Fatty Tuna (Toro [toh-roh])
Available in various grades as the cuts go up the quality (and price) scale, this is the fatty cut of the Tuna belly. One may find toro, chu-toto, and o-toro available, so named as the fat content of the cut increases. Toro has a buttery consistency, and the delicate tuna flavour is enhanced by the fattiness of the piece, perhaps the richest overall types of neta available. It may be expensive, but it is worth at least a try.
Scallop (Hotate-Gai [hoh-tah-teh-gah-ee])
Raw scallop is always a treat. It is very tender and surprisingly sweet with a creamy texture. Only one other item (Uni) represents such a pure and simple taste the sea. While I prefer scallop as nigiri-zushi or sashimi, the subtle flavour holds up surprisingly well in a “spicy scallop roll” that they offer at my favorite sushi-ya. I would heartily recommend trying scallop, as the mouth feel of the item is as important to the overall experience as the taste, something often I feel is overlooked in many dishes.
Monkfish Liver (Ankimo [ahn-kee-moh])
The fois gras of the seafood world, ankimo is literally the liver of the Monkfish that has been cleaned, poached or steamed with sake, and then chilled. It is usually sliced into discs and served either by itself (sashimi) or with ponzu sauce. As with fois gras, the liver is very rich and surprisingly complex, without the gameyness (is that a word?) of a terrestrial animal liver. It is a seasonal item, usually found only in the winter and early spring, however can be found in places that may store it frozen, which can reduce its quality. If I could eat this with a baguette every day I would.
Deep fried shrimp heads (Ebi no atama [eh-bee noh ah-tah-mah])

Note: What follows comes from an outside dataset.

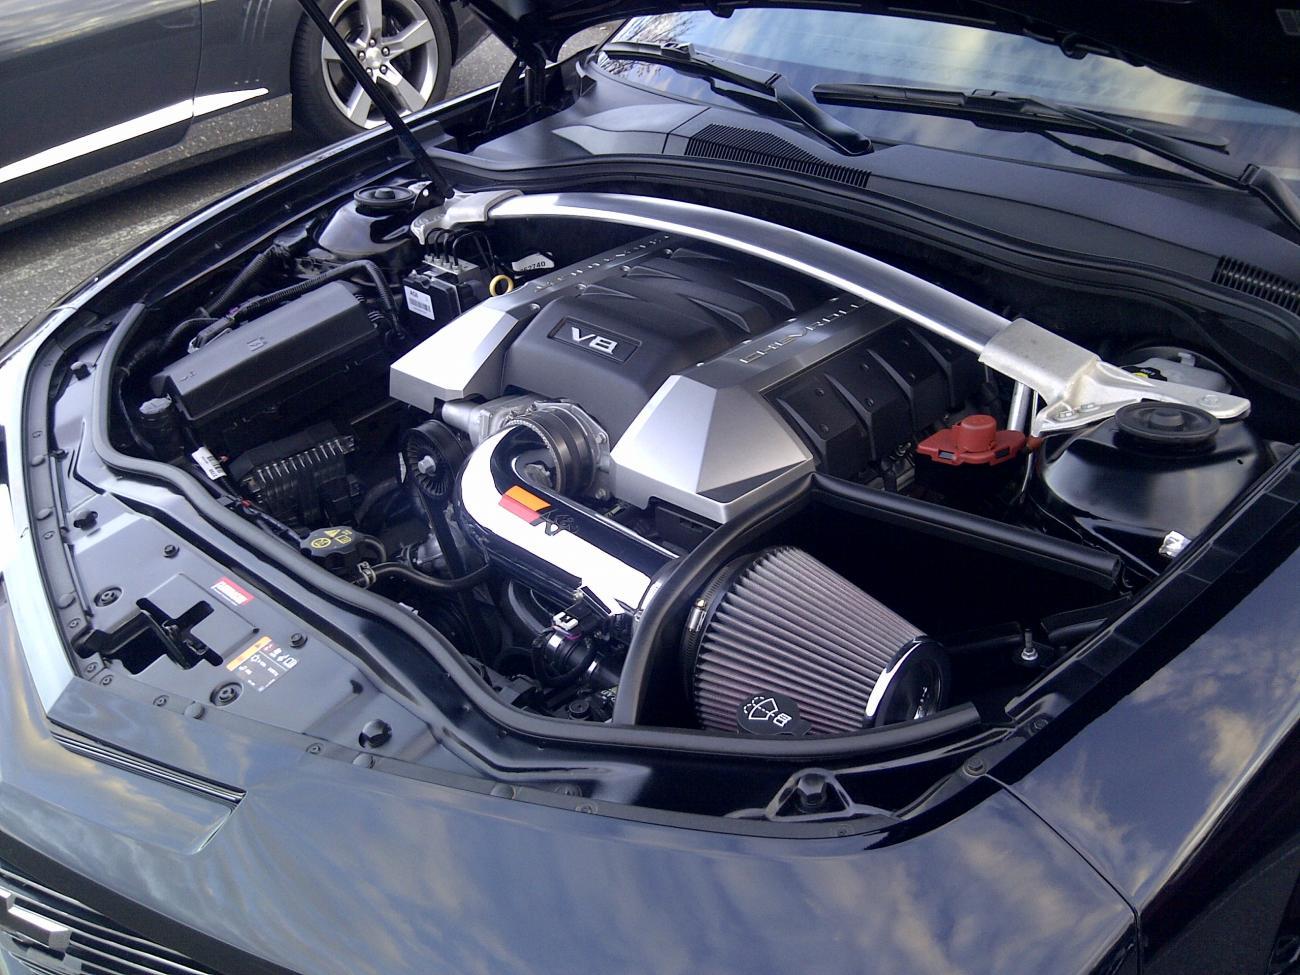 My Engine bay - Camaro5 Chevy Camaro Forum / Camaro ZL1, SS and V6 ...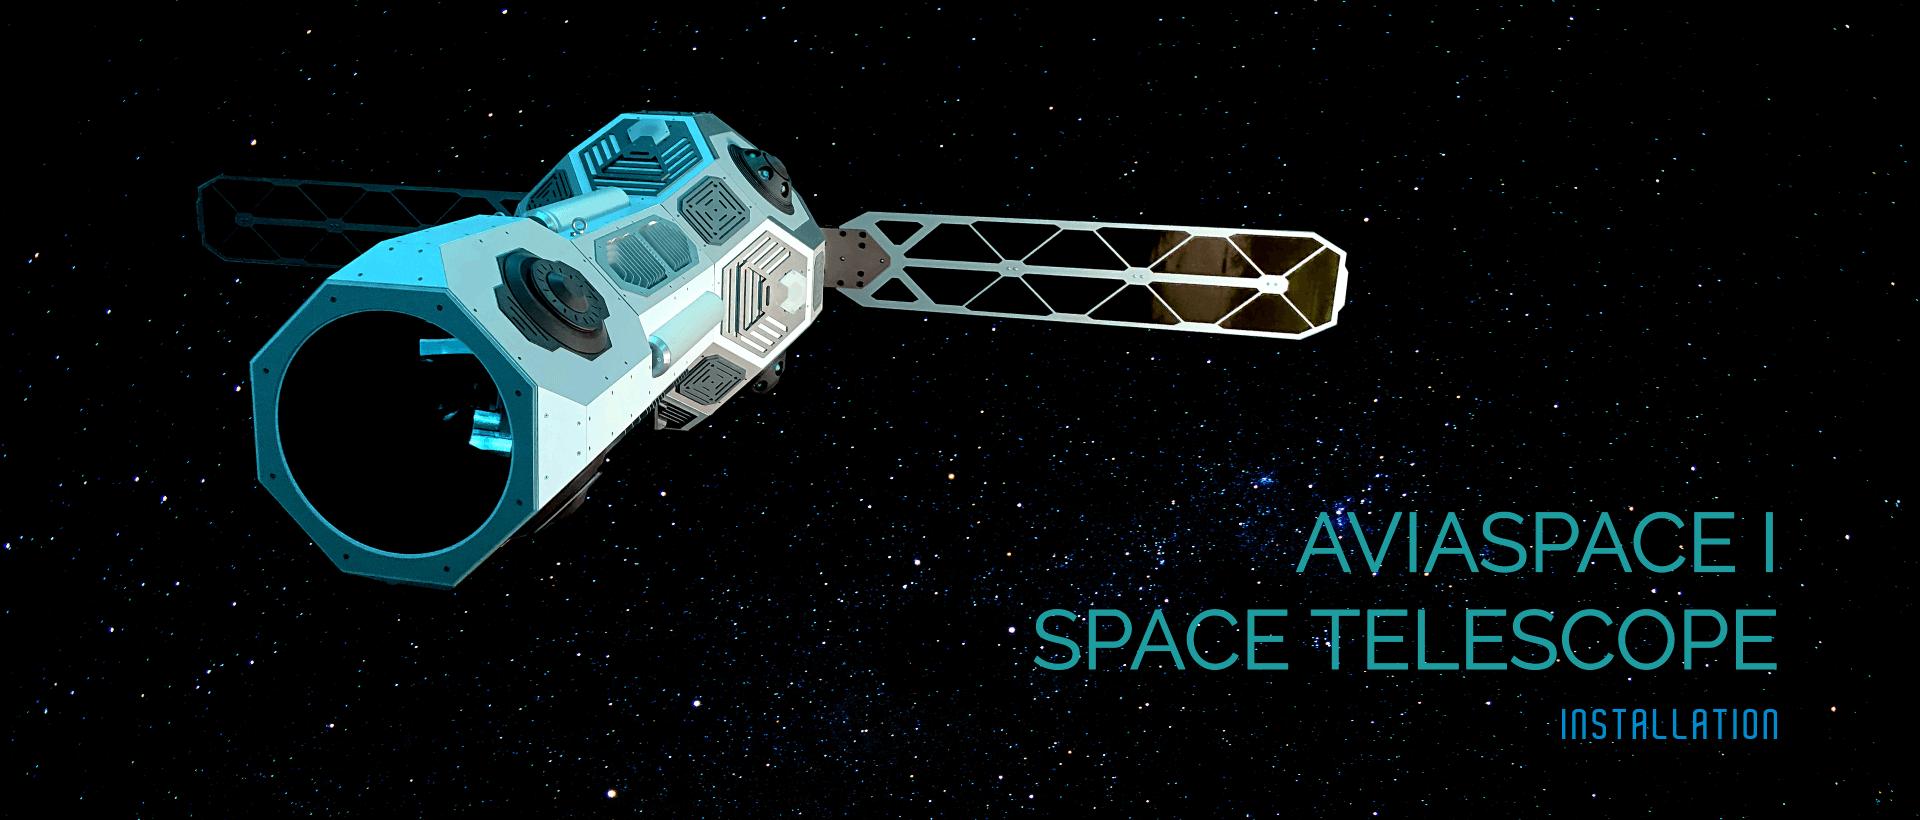 Aviaspace I

Yes, you heard me right, deep-fried shrimp heads. What do you think they do with all the heads of the shrimp they serve? These are very flavorful and the shells are actually good for you (mmm, chitin). Due to the heat of the fryer, they also become quite edible. Think shrimp plus. I eat them like popcorn as I wait for my meal to arrive. I understand that the eyes (which get hard), may be a turn off for some however if you can get past them (or the antennae) they are a fun, flavorful, and nutritious munchie if your sushi-ya offers them. I’ve never seen them on a menu since they are not a common item, but just ask if they are available. Some places may also ask you if you would like the heads fried after you finish you meal of shrimp.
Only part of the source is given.